Обо всем этом я мог бы рассказать Зойке. Но я молчал. Молчал потому, что передо мной, тревожа сердце, вновь замаячило сухощавое лицо старшего лейтенанта Рыжникова, — чуть ли не весь флот поднял он ради моего спасения! — обветренные губы, скупая усмешка:
— Глаза-то квадратные? Салага! Будешь знать, как терять ведущего, отрываться от группы!
Уже командуя эскадрильей, он сам потерялся два месяца спустя — не вернулся из неравного боя.

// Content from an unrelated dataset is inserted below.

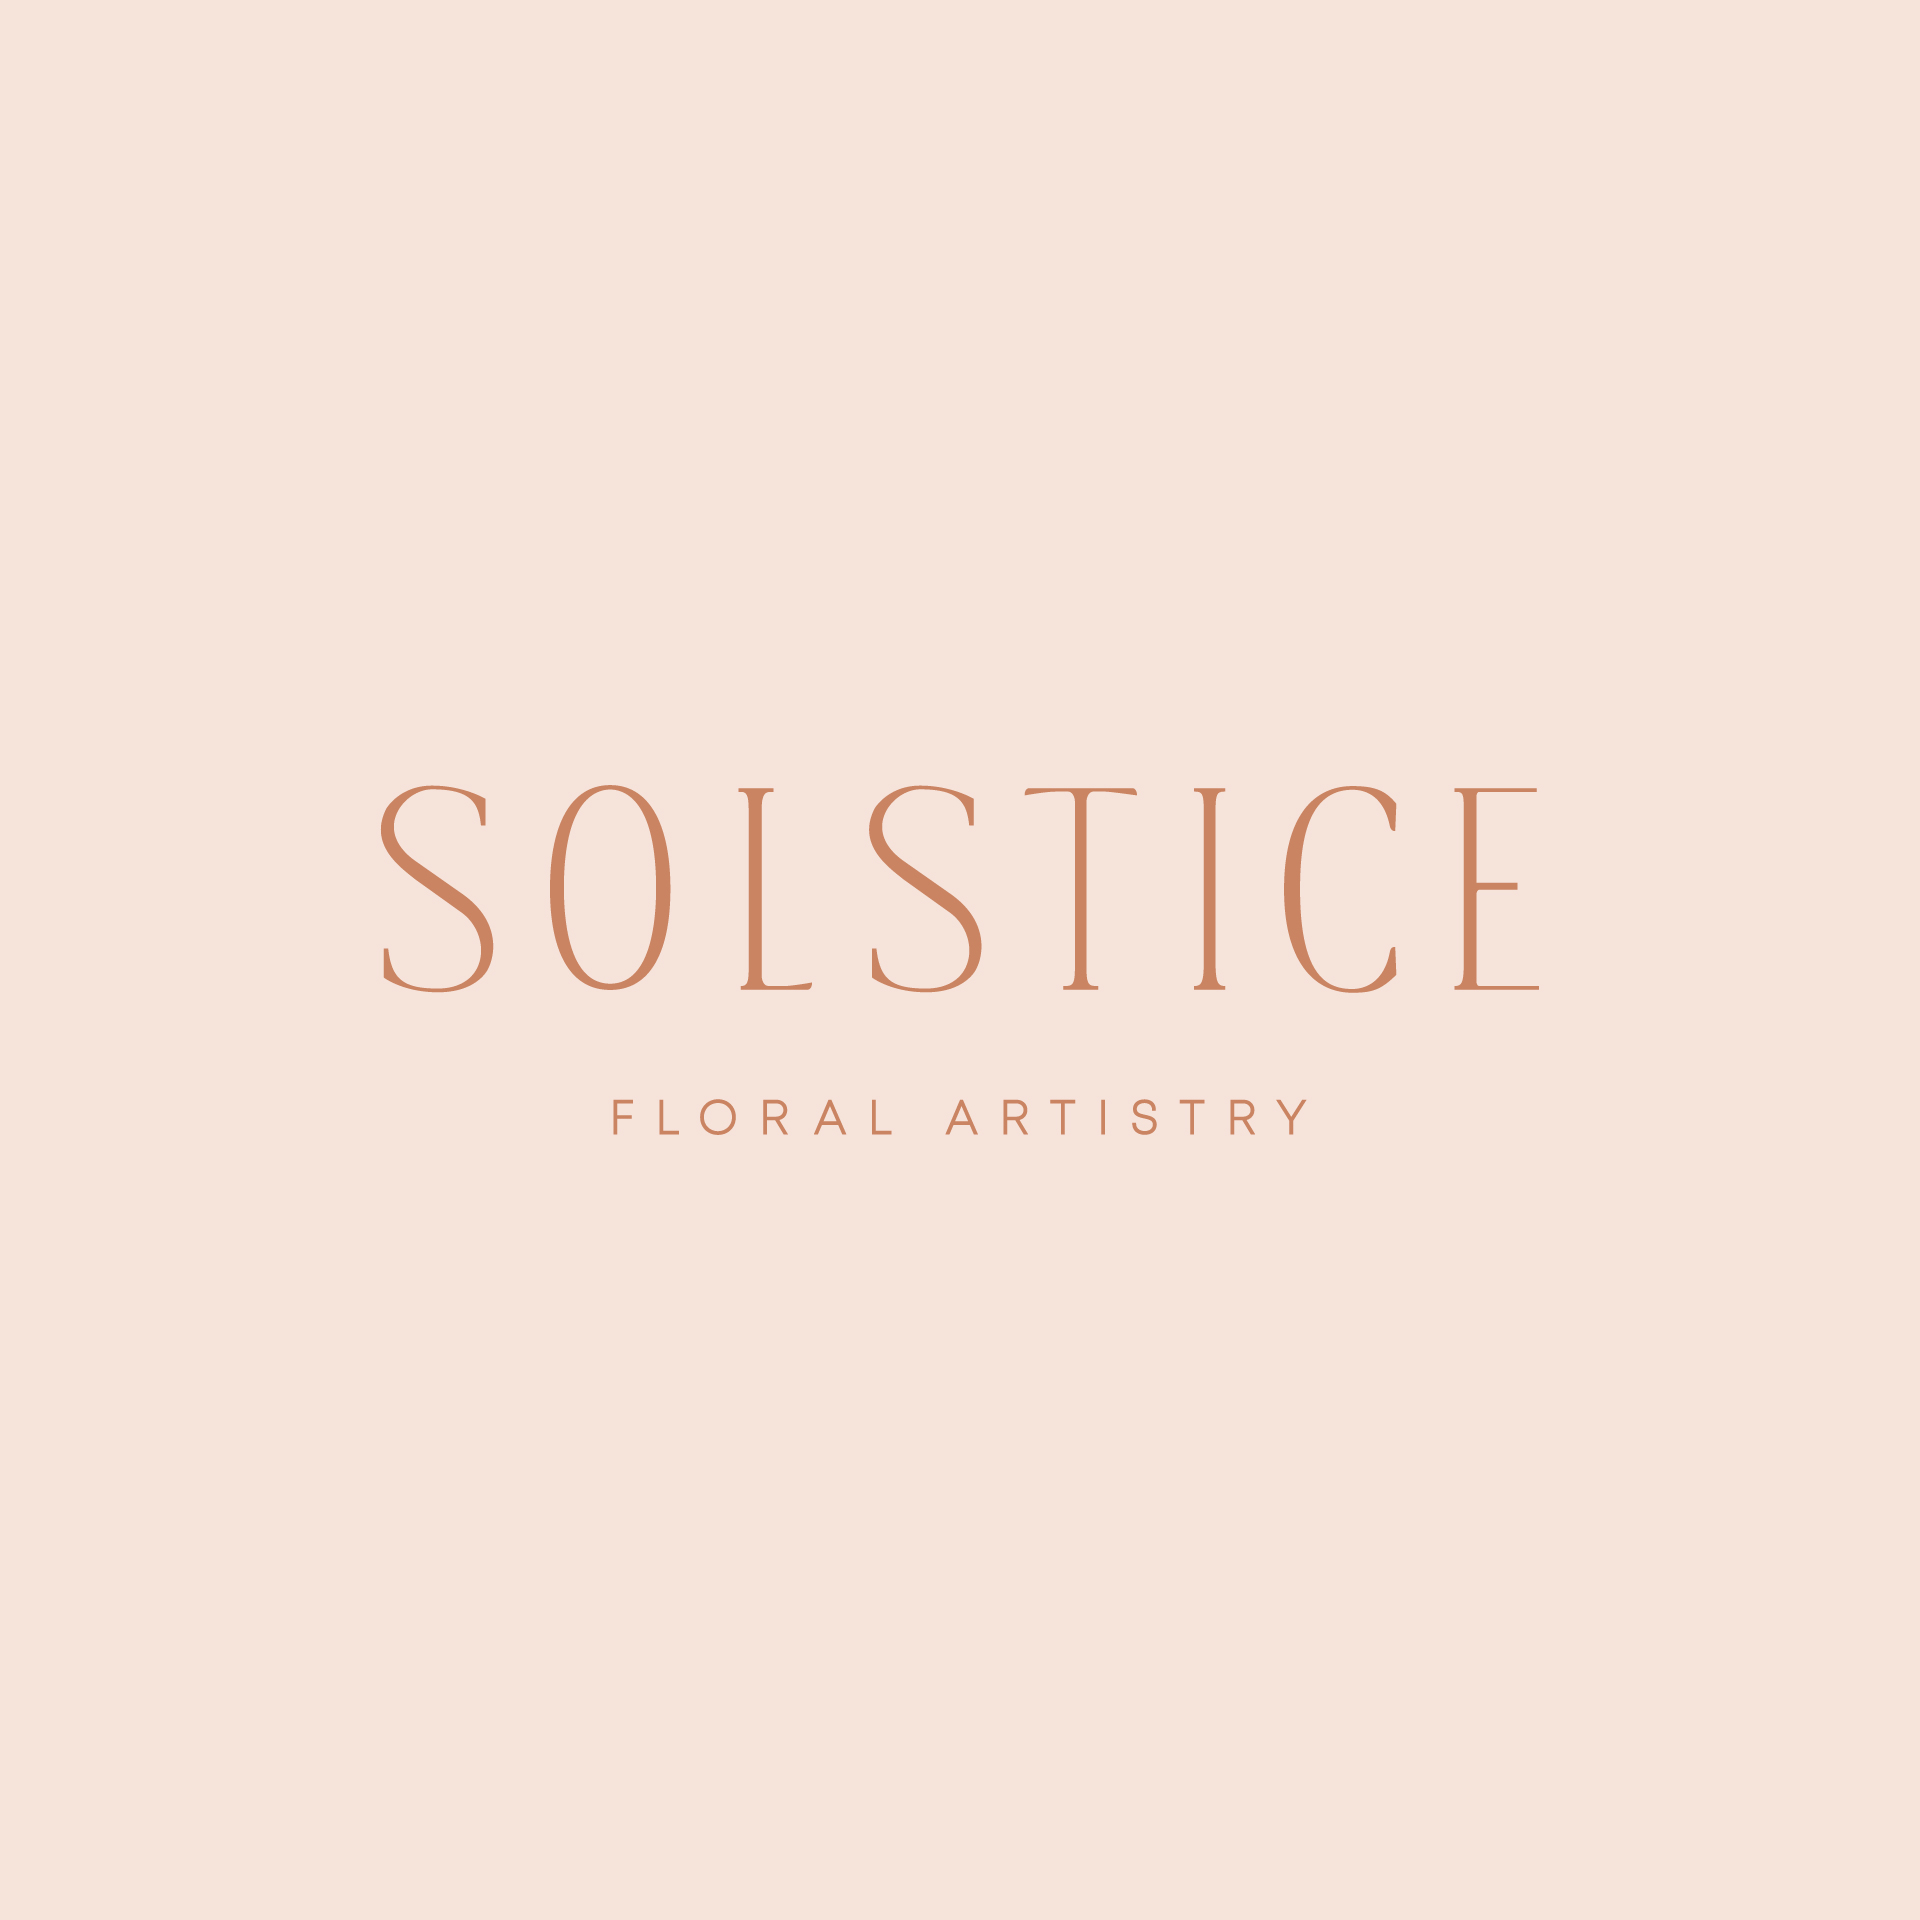 Florist rebrand - primary logo design for Solstice Floral

И может, я потому об этом молчал, что война, и отгремев, еще тяжело давила на плечи, а все старались, насколько это возможно, о ней забыть, безраздельно отдаться миру, выстраданному такой ценой. Недаром фронтовики стеснялись тогда лишний раз напомнить о пережитом и даже носить боевые ордена. А я, помимо всего, еще и не знал, как и что о себе рассказывать, и потому, может быть, и выложил Зойке, наверно, самое заветное, о чем в войну не смел и задуматься, дабы и на миг не расслабиться духом.

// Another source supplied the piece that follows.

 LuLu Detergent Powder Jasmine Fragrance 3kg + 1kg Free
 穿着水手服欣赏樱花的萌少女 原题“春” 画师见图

Мы позволяли себе лишь шутить или гневаться по поводу тех или иных передряг и откладывали «на потом» свои главные переживания. И я впервые говорил Зойке о том, как страстно хочется жить и видеть мир и людей иными, чем в войну. Она ведь как страшная болезнь, одолеть которую, приблизить спасительный «кризис» возможно лишь сообща и с непоколебимой верой в жизнь. Недаром главным лекарством фронтовиков были письма из дома, неотвязные воспоминания о мире ином, довоенном, утраченном. Его вспоминали до мельчайших подробностей в любую свободную минутку — наедине с собой и в общих разговорах, которые, кажется, только о том и велись, как полно, красиво и славно жили мы до войны. Ту жизнь просматривали и пересматривали множество раз, как прежде любимые кинокартины — «Чапаев», «Цирк», «Трактористы» или «Веселые ребята», находя в ней все новые дорогие черты и красо́ты. Ею любовались, ею дорожили, возможно, и излишне идеализировали, но берегли в себе почти так же, как будущая мать в утробе своей бережет желанное дитя.